Drugs or physical methods that induce retinal diseases are used to change the structure of the retina, resulting in diseases similar to human retinitis pigmentosa. The operation of the animal model of RP disease induced by physical and chemical factors is simpler than that of the genetically modified RP model, and the effect is more obvious. This article introduces the commonly used animal models of N-ethyl-N-nitrosourea (ENU)-induced RP disease. [Modeling mechanism] ENU is a powerful mutagen, which can move ethane groups to the oxygen or nitrogen atoms of DNA bases, regardless of the metabolic process. Point mutations in DNA are more common and can cause genetic abnormalities in the retina and optic disc. It can mutate genes such as Pde6b, Roml, Pax6, Mitf and Egr, causing eye and vision problems. Hart et al. They used ENU in mice and discovered seven new Pde6b point mutations that cause the death of photoreceptor cells. ENU induces Rom1 gene mutations, disrupts the outer segmental intervertebral disc membranes and degenerates photoreceptor cells.
[Modeling method] The RP model guided by ENU has excellent repeatability. Currently, C57BL/6J and BALB/cAnN mice are often used for modeling. C57BL/6J male mice were selected for 8-10 weeks, and 85-100mg/kg ENU was injected intraperitoneally twice a week. After screening for eye diseases, retinitis pigmentosa mice and wild-type female mice were bred in a sterile environment to produce the first generation (F1) offspring.
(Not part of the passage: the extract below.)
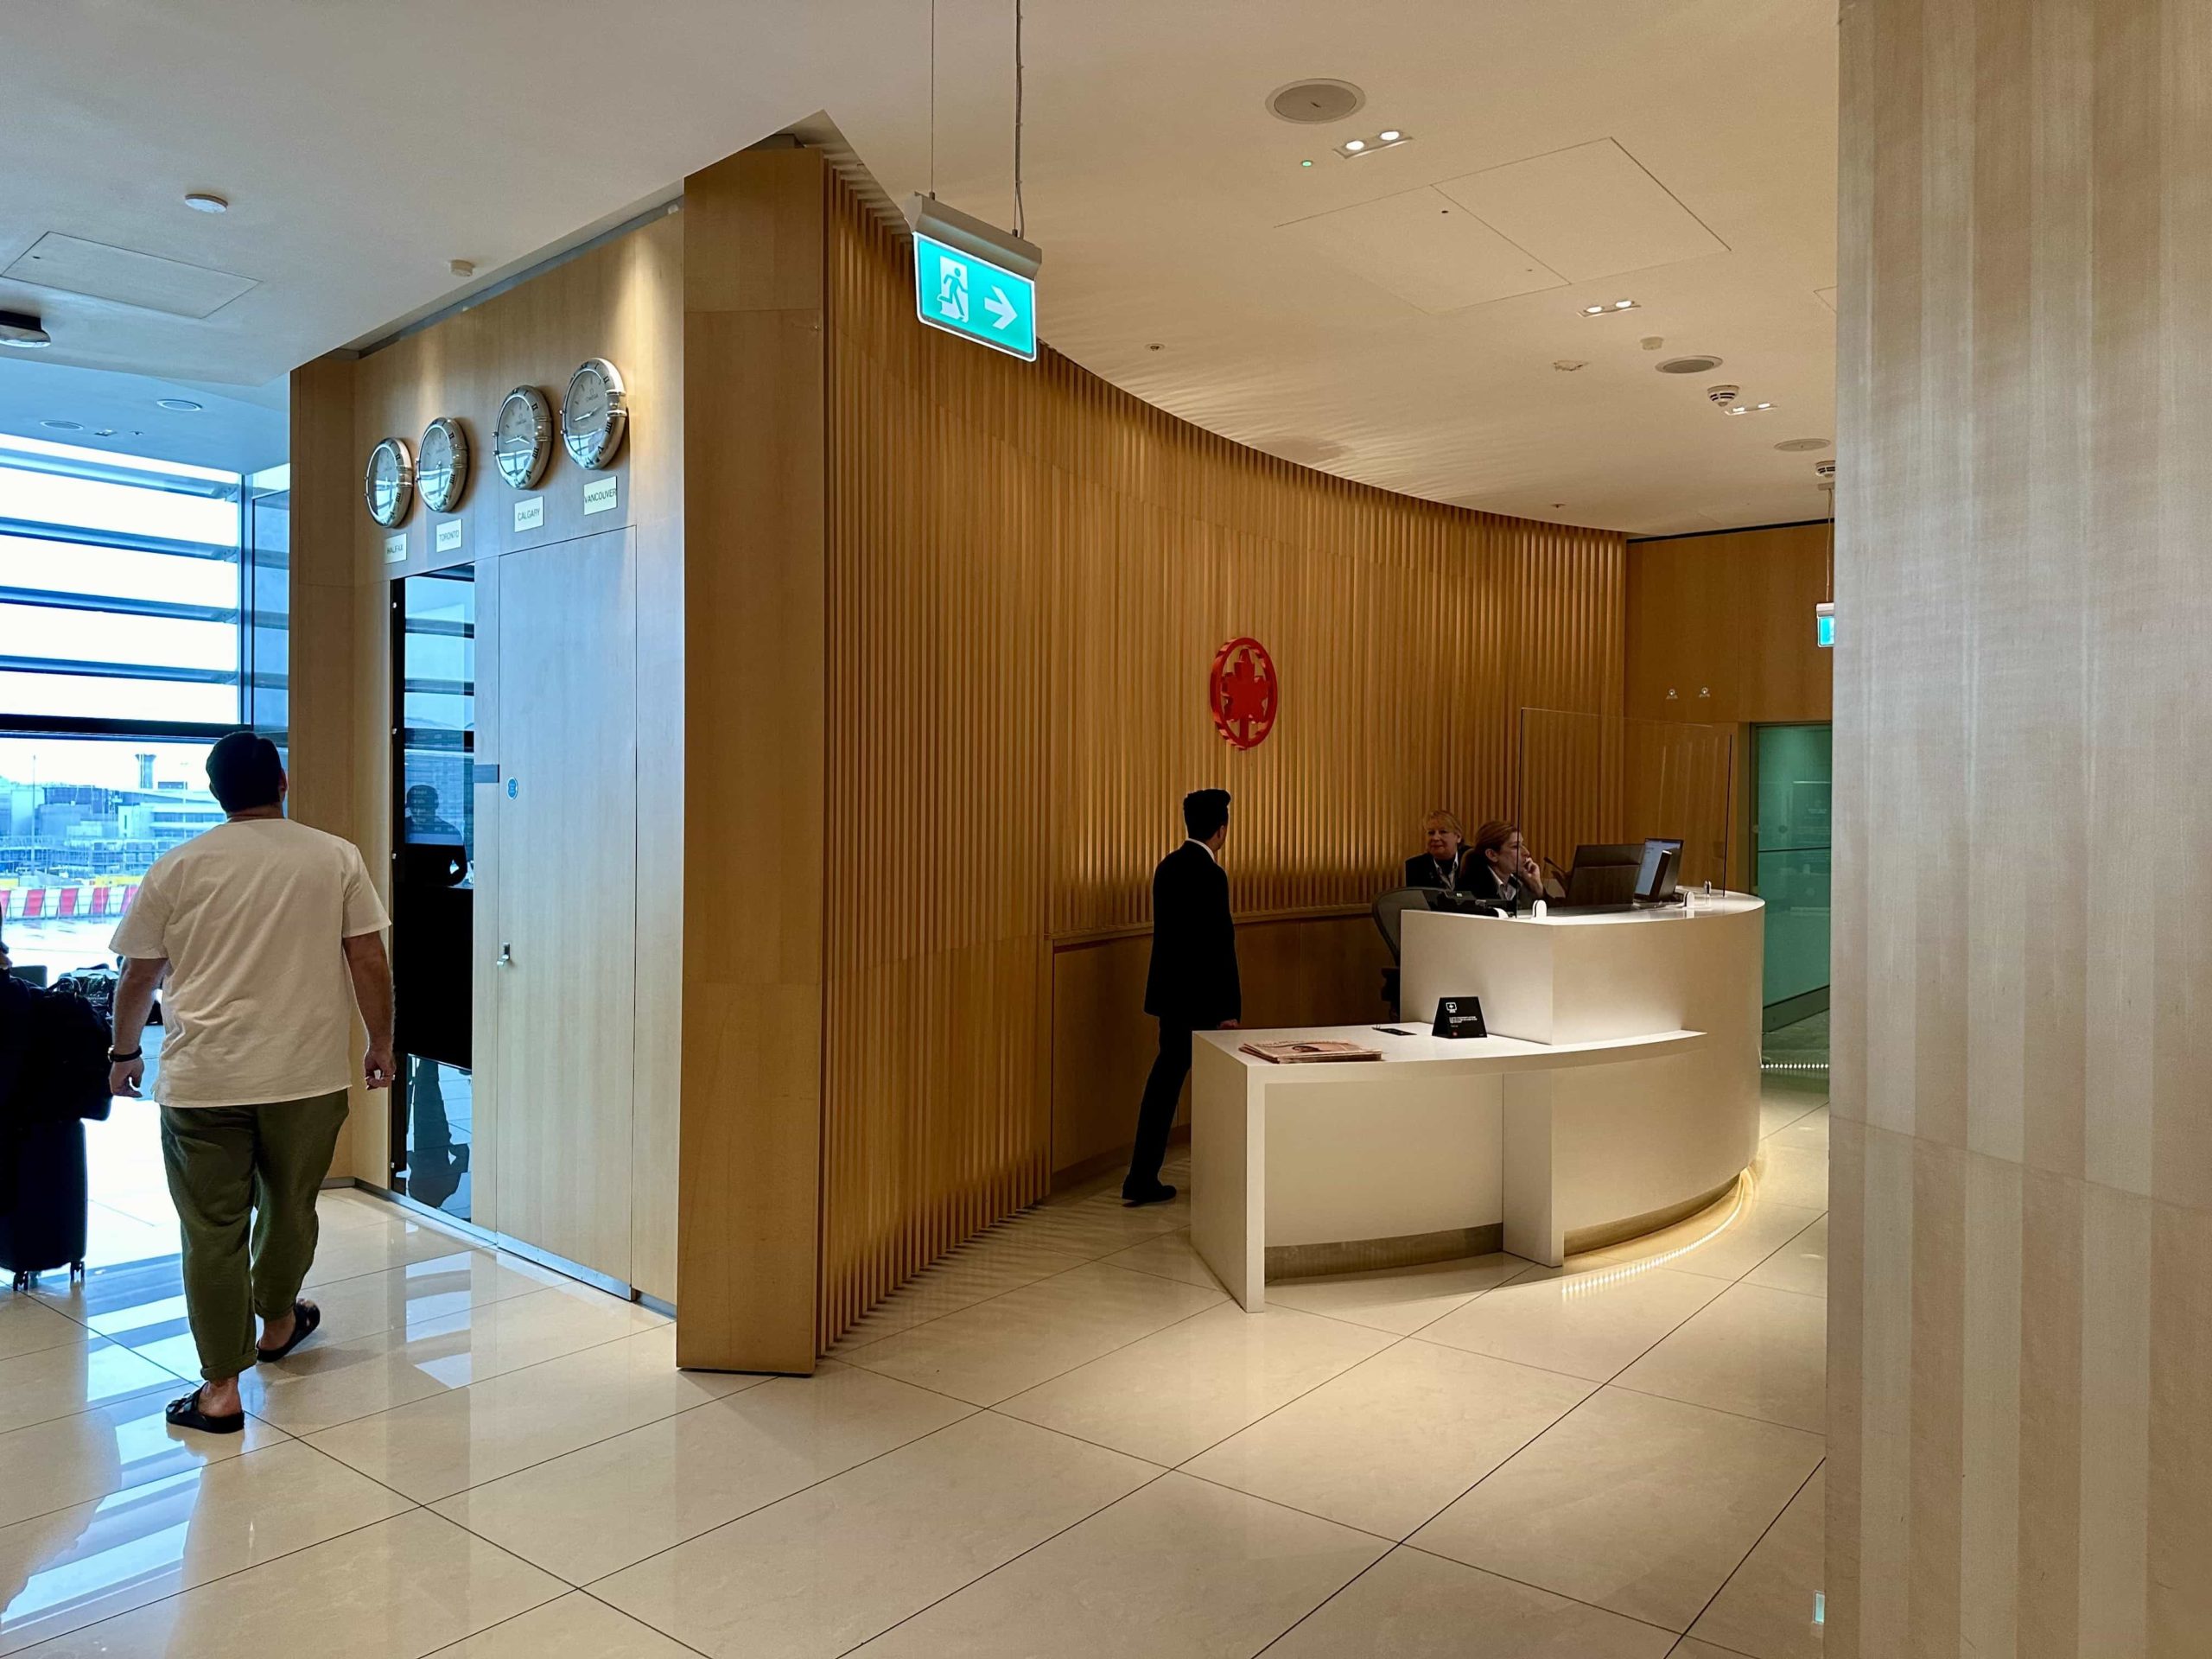 The lobby area and reception desk at the Air Canada Maple Leaf Lounge

F1 generation male mice and wild-type female mice were mated, and F2 generation female mice and F1 generation male mice were backcrossed. The resulting F3 generation mice were used for large-scale eye screening to obtain hereditary retinitis pigments. Transgender animal model.
[Model Features] The Rom1 mutation of ENU was similar to the network structure of the control group at 3 weeks, and the outer nuclear layer was 1/3, or only one, of the outer nuclear layer of the control group at 7 weeks. Two floors. It was kept for 35 weeks. Through capillary electrophoresis and DNA sequencing, the Pde6b mutant mice induced by ENU were identified as Pde6b. From 25 days to 10 weeks of age, Pde6b mutant mice exhibit dynamic visual acuity. Almost all rod photoreceptor cells in Pde6b mutant mice died within 17 days.
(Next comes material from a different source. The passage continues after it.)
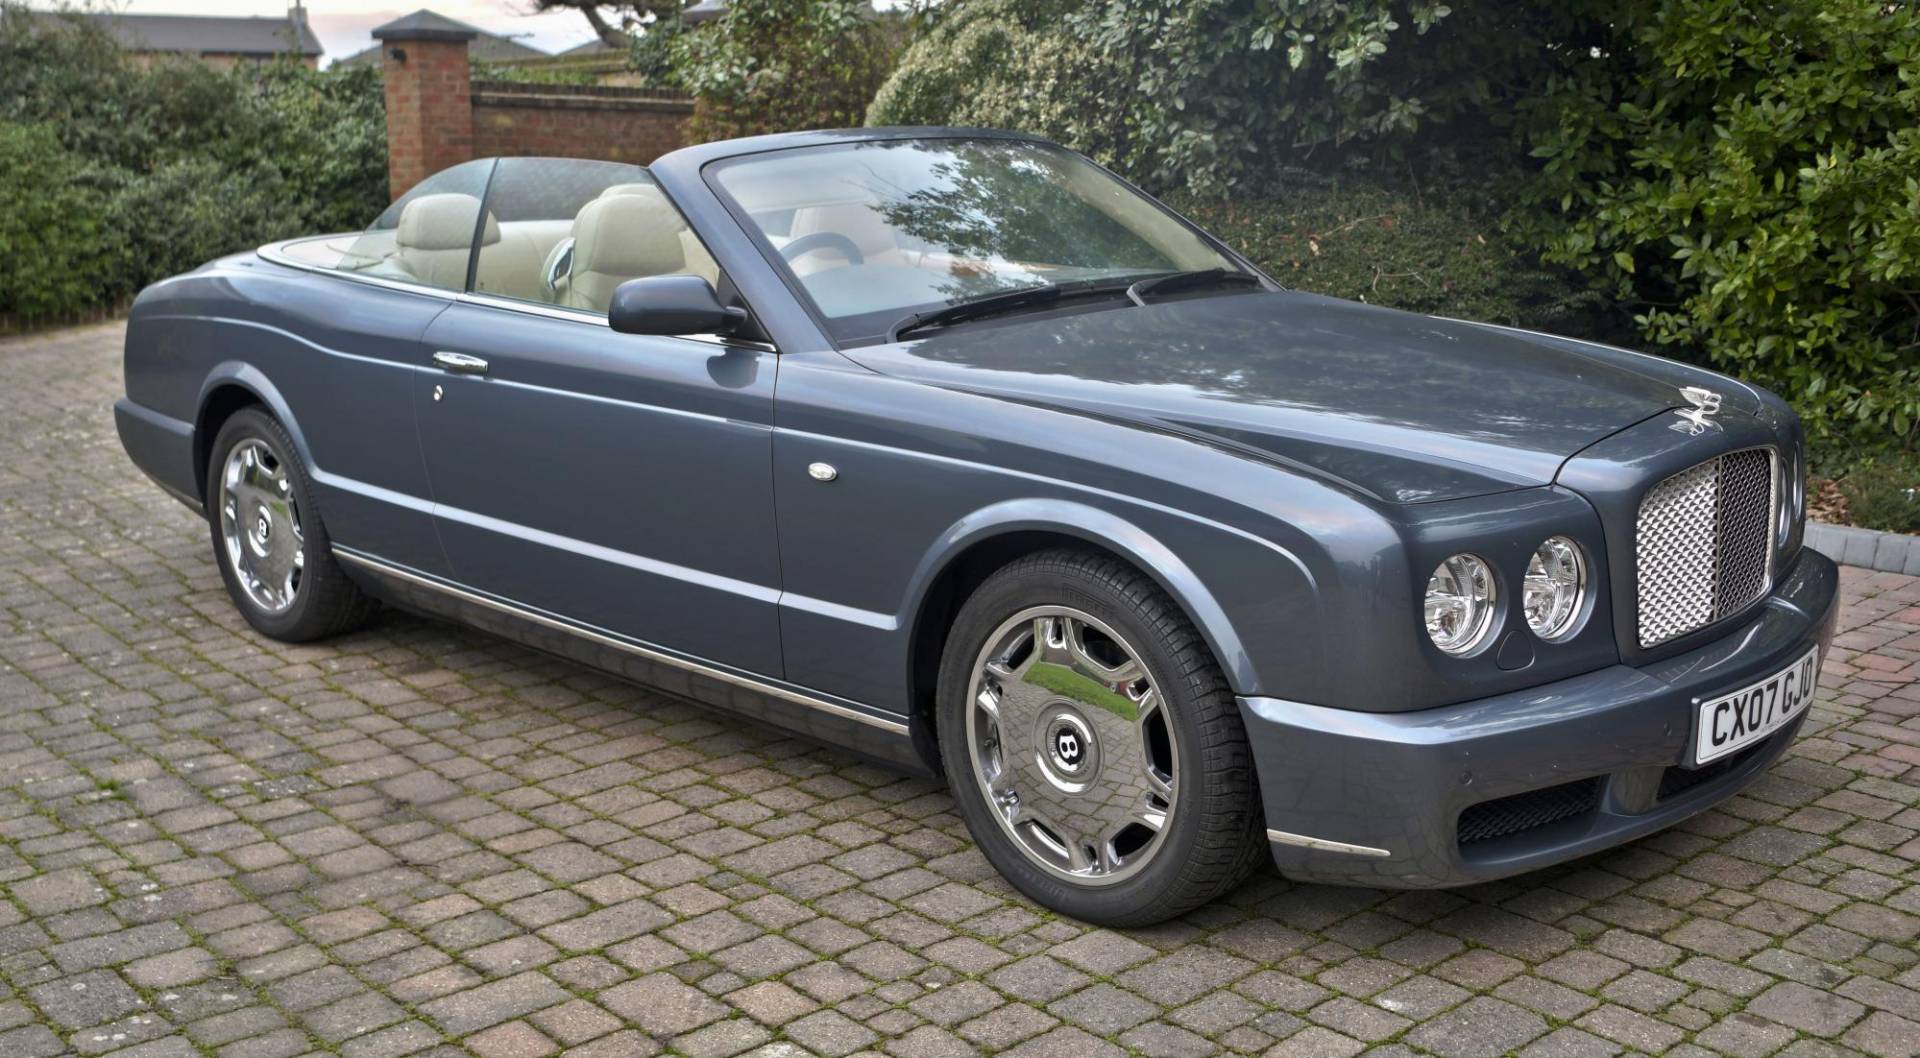 For Sale: Bentley Azure (2007) offered for £163,288

[Model evaluation and application] ENU-induced eye diseases require fundus screening and visual function tests, as well as genome-wide screening to determine the genes that cause the disease. The ENU-induced RP animal model has a high incidence and good reproducibility, but it is difficult to predict the incidence of specific genes. The animal model of retinitis pigmentosa induced by ENU is an artificial method that can overcome the shortcomings of spontaneous retinal genetic diseases that may be encountered but not sought, and can simulate human genetic RP diseases.